■ **Dataset records**:
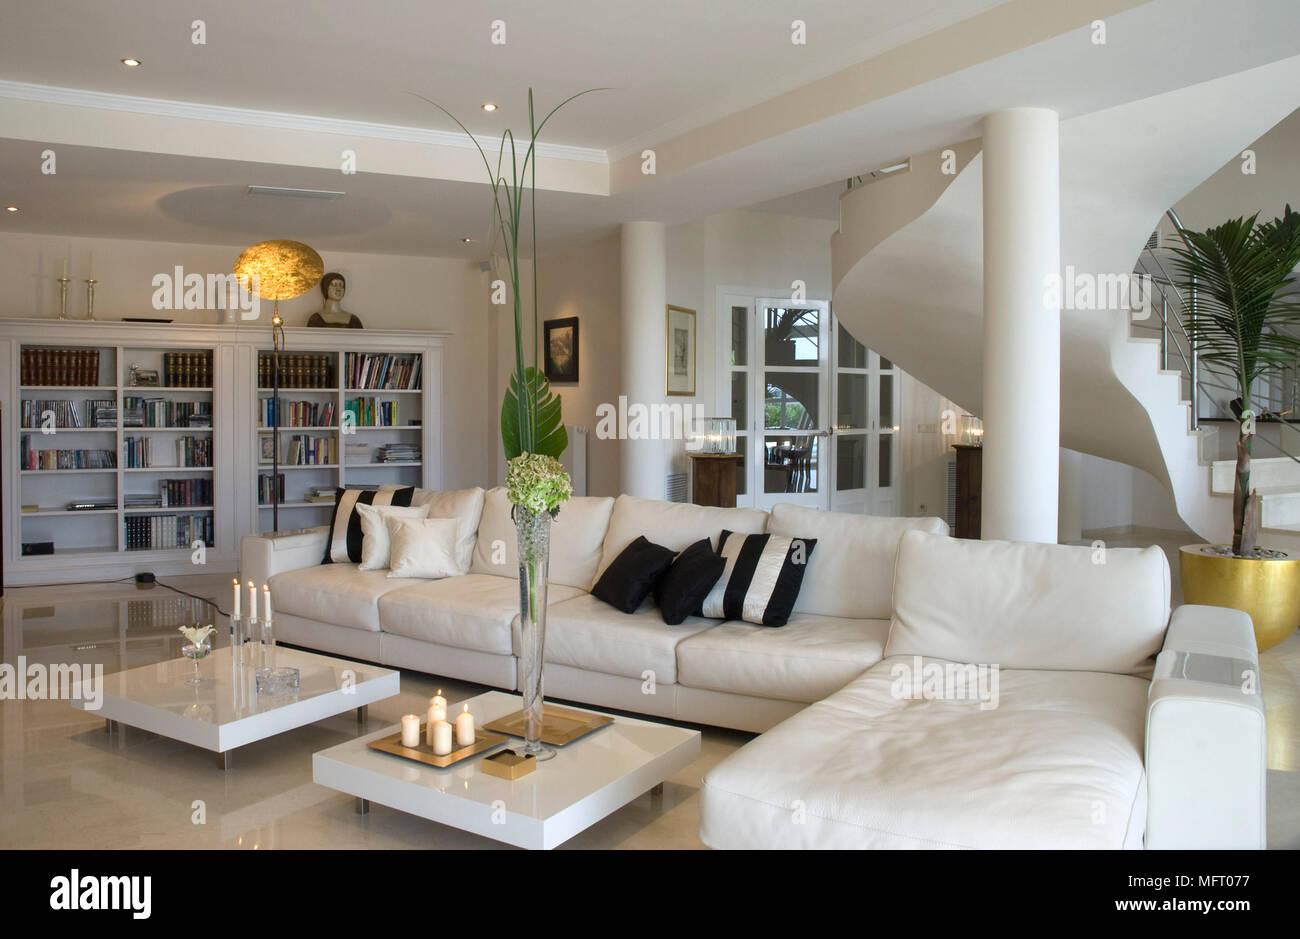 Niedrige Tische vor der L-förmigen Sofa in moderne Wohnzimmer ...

--

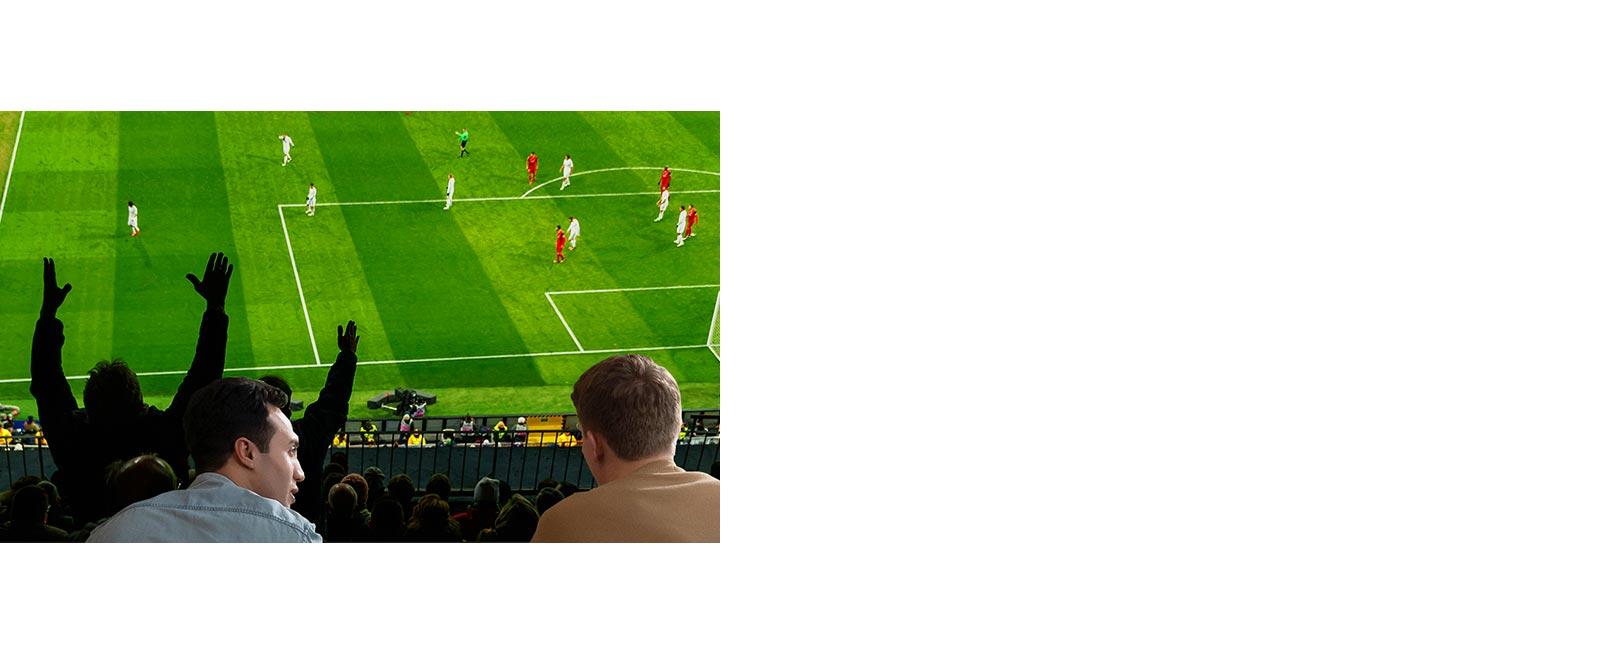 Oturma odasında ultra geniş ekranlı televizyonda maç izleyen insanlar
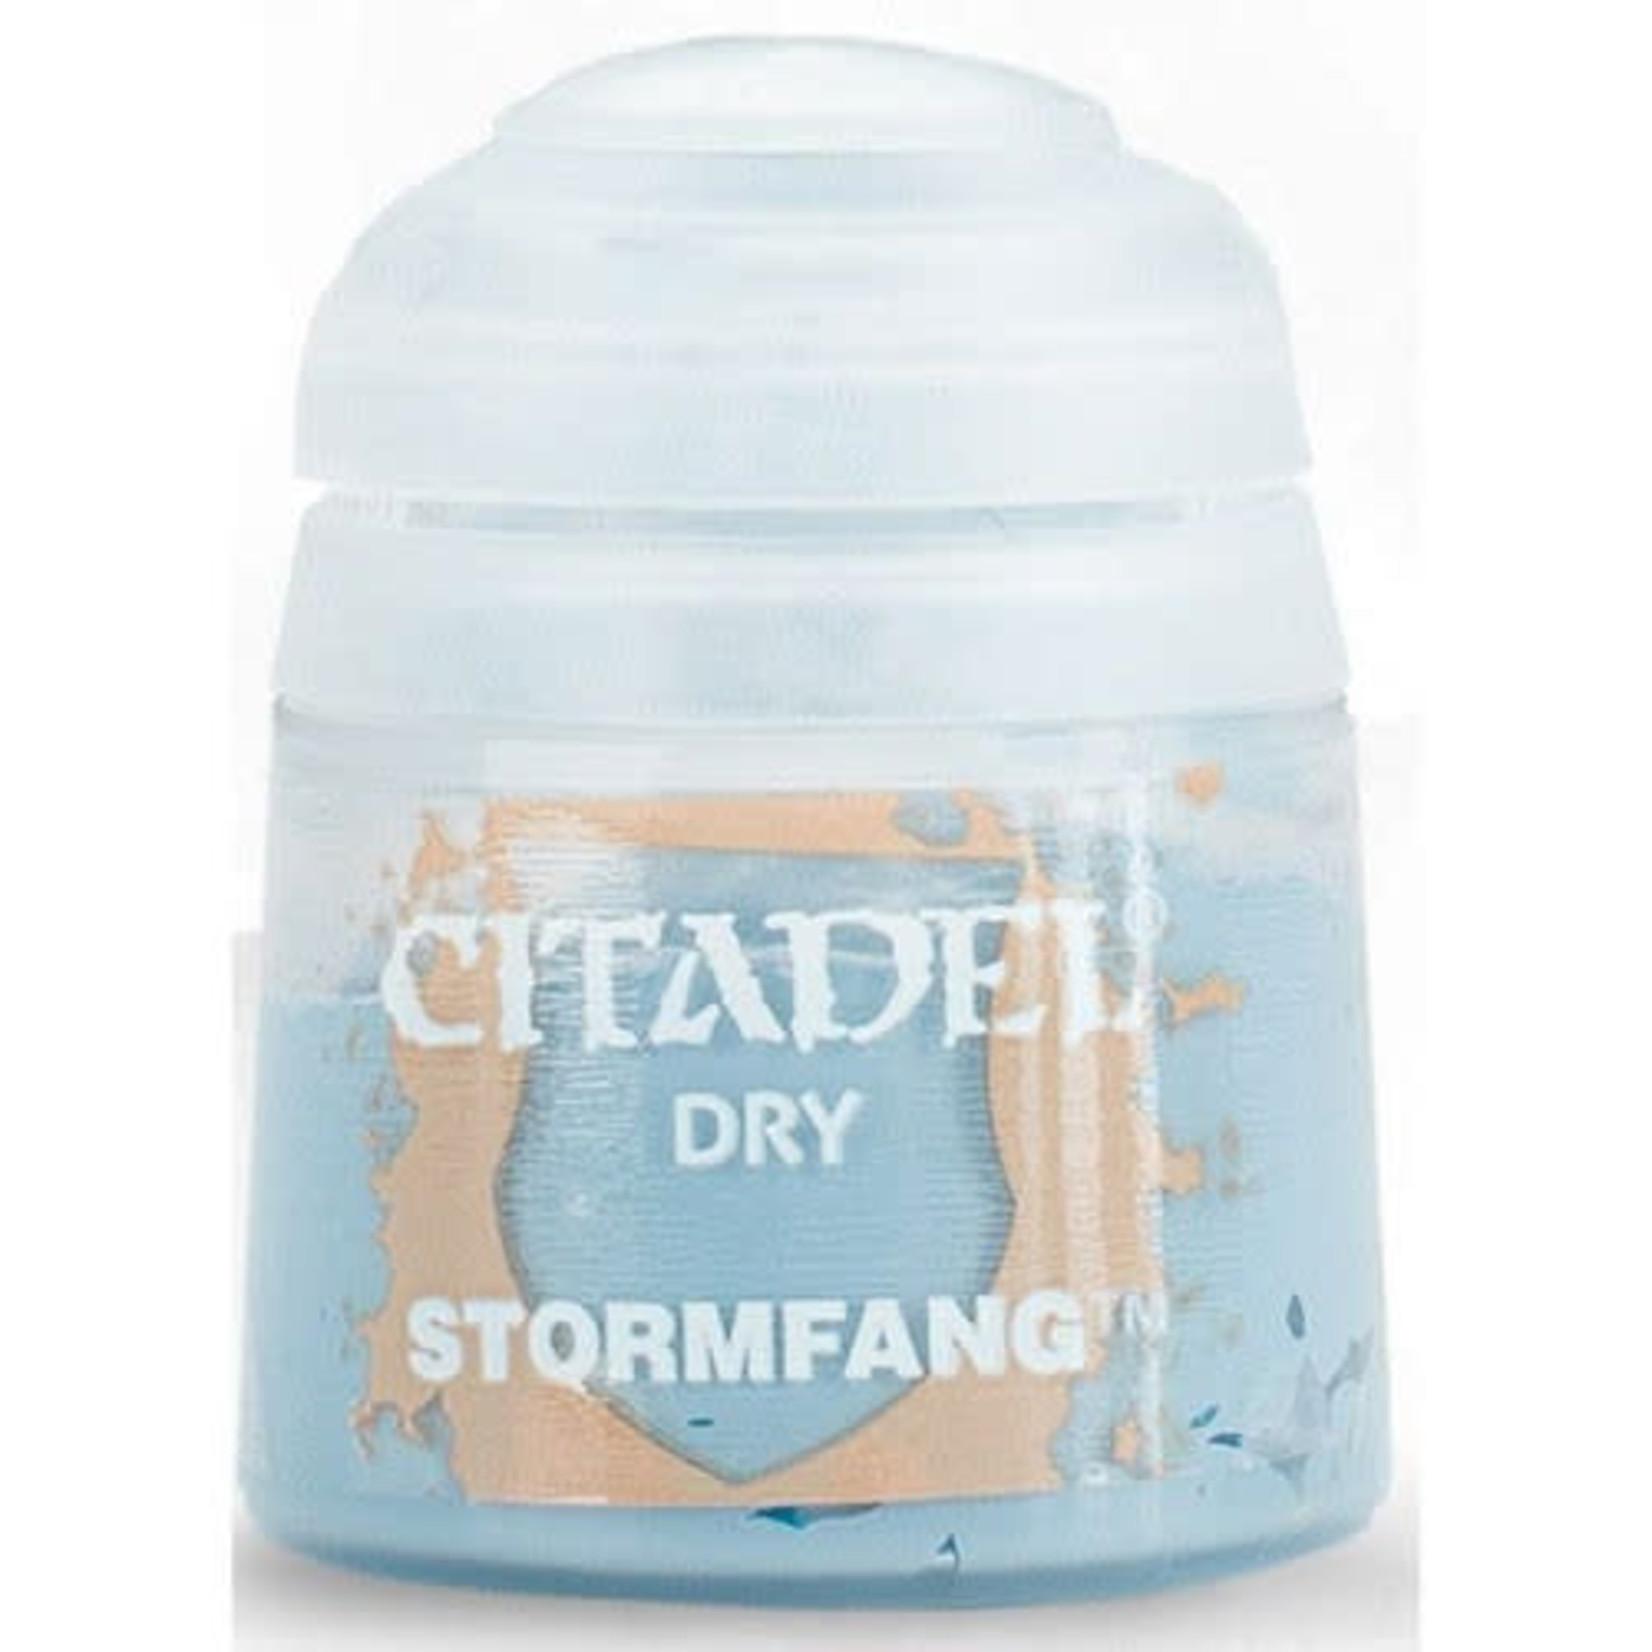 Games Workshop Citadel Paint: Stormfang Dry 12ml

■ **Work item**: Please set down, exactly and with no pictures, the lines in the entries above starting at the one holding "Oturma odasında ultra" and ending at the one holding "Games Workshop Citadel", ends included.

■ **Solution for this task**:
 Oturma odasında ultra geniş ekranlı televizyonda maç izleyen insanlar
 Games Workshop Citadel Paint: Stormfang Dry 12ml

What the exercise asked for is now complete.